Do universal ao particular: o gesto de estirar o dedo
Estou há uns dois meses escrevendo um trabalho, fruto de minhas pesquisas de doutorado, sobre a Revolta de Juazeiro, levante ocorrido no Ceará, em 1914.
Há muitas histórias surreais relacionadas àquele movimento sedicioso.
Uma das mais engraçadas é a do “dedo do cotoco”, que me chegou por um amigo residente em Fortaleza.
No ano de 1912, o governador Antônio Pinto Nogueira Acioly foi deposto e assumiu no seu lugar, eleito, o coronel do exército Franco Rabelo, apoiado por um amplo leque de forças, entre as quais se destacava a burguesia comercial da capital e de alguns importantes centro interioranos.
Os aliados de Rabelo, assim que este se sentou na cadeira de governador, exigiram a ampliação do número de secretaria, de 6 para 12. O pleito garantia a acomodação dos principais grupos que estiveram ao lado do coronel do exército e o alçaram à governança estadual.
Não muito afeito às acomodações políticas em voga no Brasil de então – pouco mudou de lá para cá –, o novo governador não aceitou o engenho urdido nos bastidores, alguns de seus aliados criaram, em 1913, o partido marreta, que passou a lhe fazer ferrenha oposição.
Um leal adversário de Rabelo, Emílio Sá, dono de afamada padaria na Praça do Ferreira, não se conformava com a traição dos aliados, e prometeu um pão a quem xingasse um marreta que passasse em frente à padaria. Como os xingamentos não surtiram o efeito esperado, visto que os marretas faziam pouco caso, o comerciante chamou “Capitão Pirarucu”, famoso morador de rua de Fortaleza, e propôs:
– Quando passar um marreta aqui em frente, vamos fazer realizar um toque retal nele.
O “Capitão Pirarucu” era muito grande e forte. Detalhe: era maneta. Só tinha o braço direito.

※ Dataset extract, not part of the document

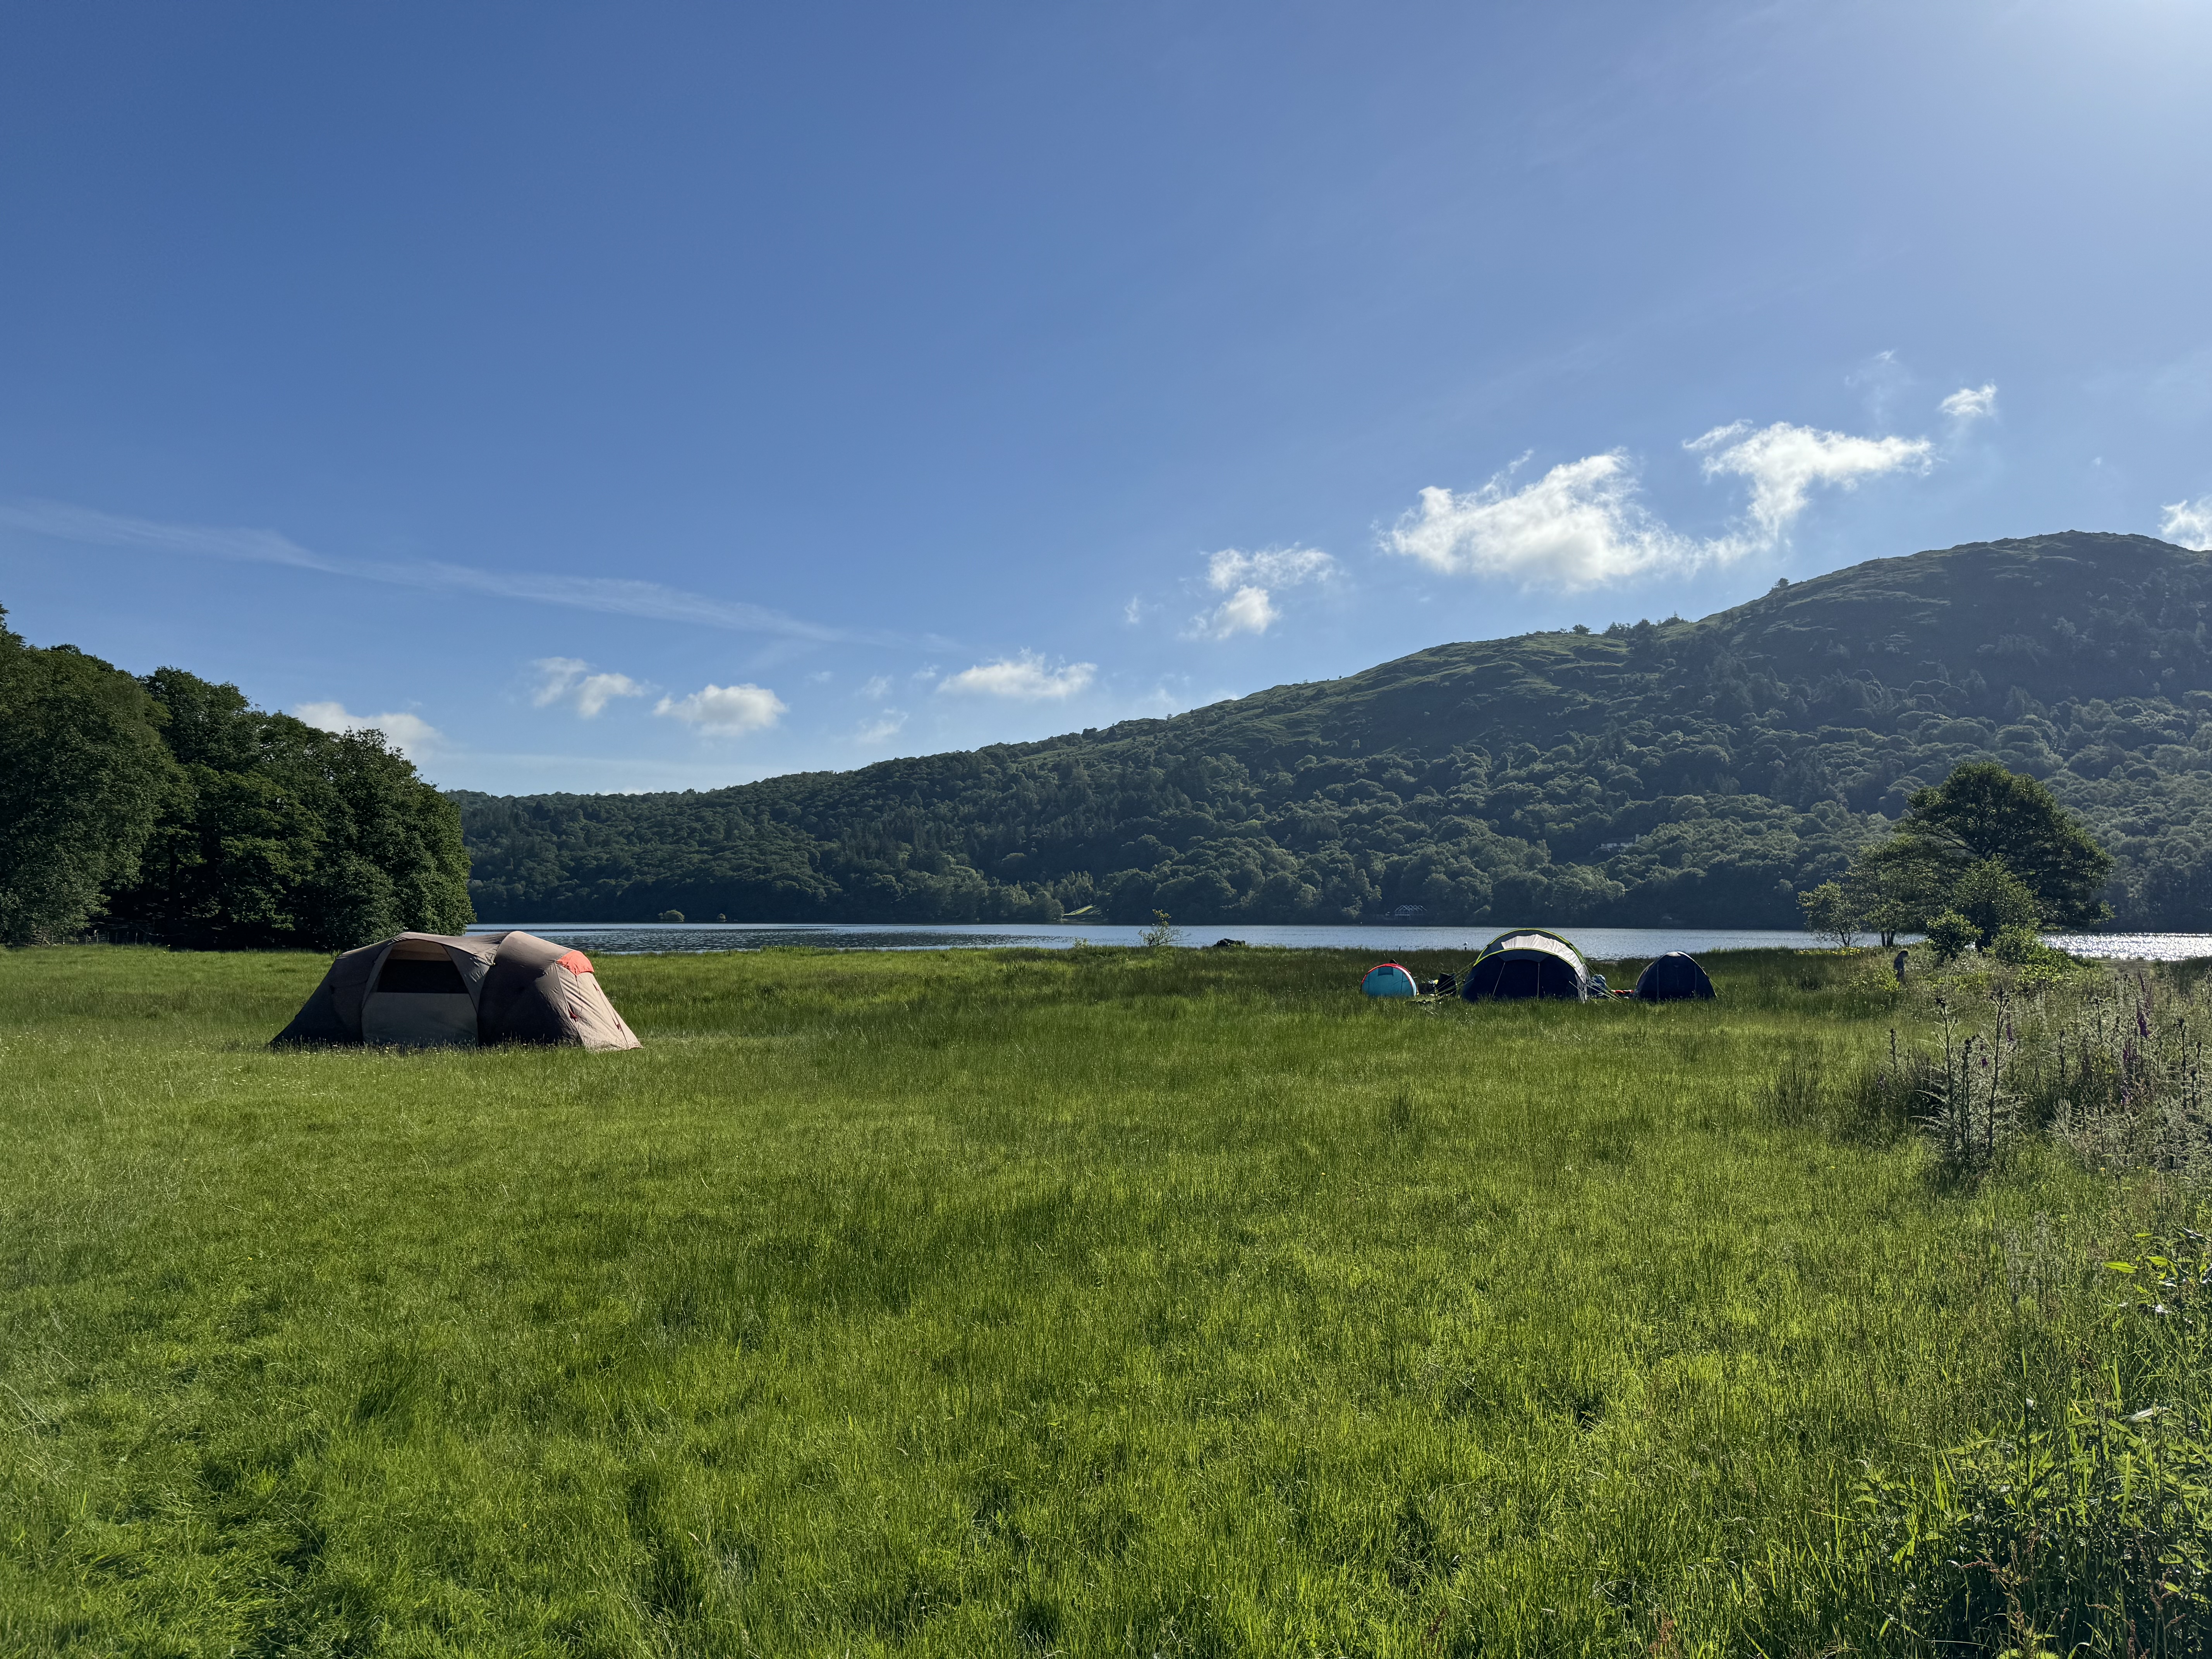 Les emplacements de camping peuvent tous être réservés via Hipcamp

Certo dia, o mendigo partiu para cima de um marreta que estava distraído, agarrou-o pelo braço, baixou-lhe as calças e enfiou o dedo médio em riste no ânus do marreta.
Os transeuntes adversários do marreta – e, dizem, até alguns aliados –, que passavam nas proximidades vibraram e aplaudiram delirantemente o famoso “Capitão”.
Humilhado por levar uma dedada de um homem “cotoco”, como se popularmente eram conhecidas as pessoas com alguma deficiência nos braços, o marreta não sabia onde se socar.
A população imediatamente passou a chamar o dedo médio do “Capitão Pirarucu” de “dedo do povo”; outros, de “dedo do cotoco”. Palavras de ordem passaram a fazer parte do cotidiano da capital cearense: “Onde está o dedo do povo?” ou “Onde está dedo do cotoco?” A resposta era quase sempre a mesma: “Está dentro dos orifícios rabinais dos marretas!”
O gesto do dedo médio em riste, uma criação universal https://super.abril.com.br/mundo-estranho/por-que-levantar-o-dedo-do-meio-e-considerado-ofensa/, popularizou-se ainda mais e ganhou um tempero cearense.
Sempre que passava um marreta, os seus adversários apontavam o dedo médio em sinal de desprezo.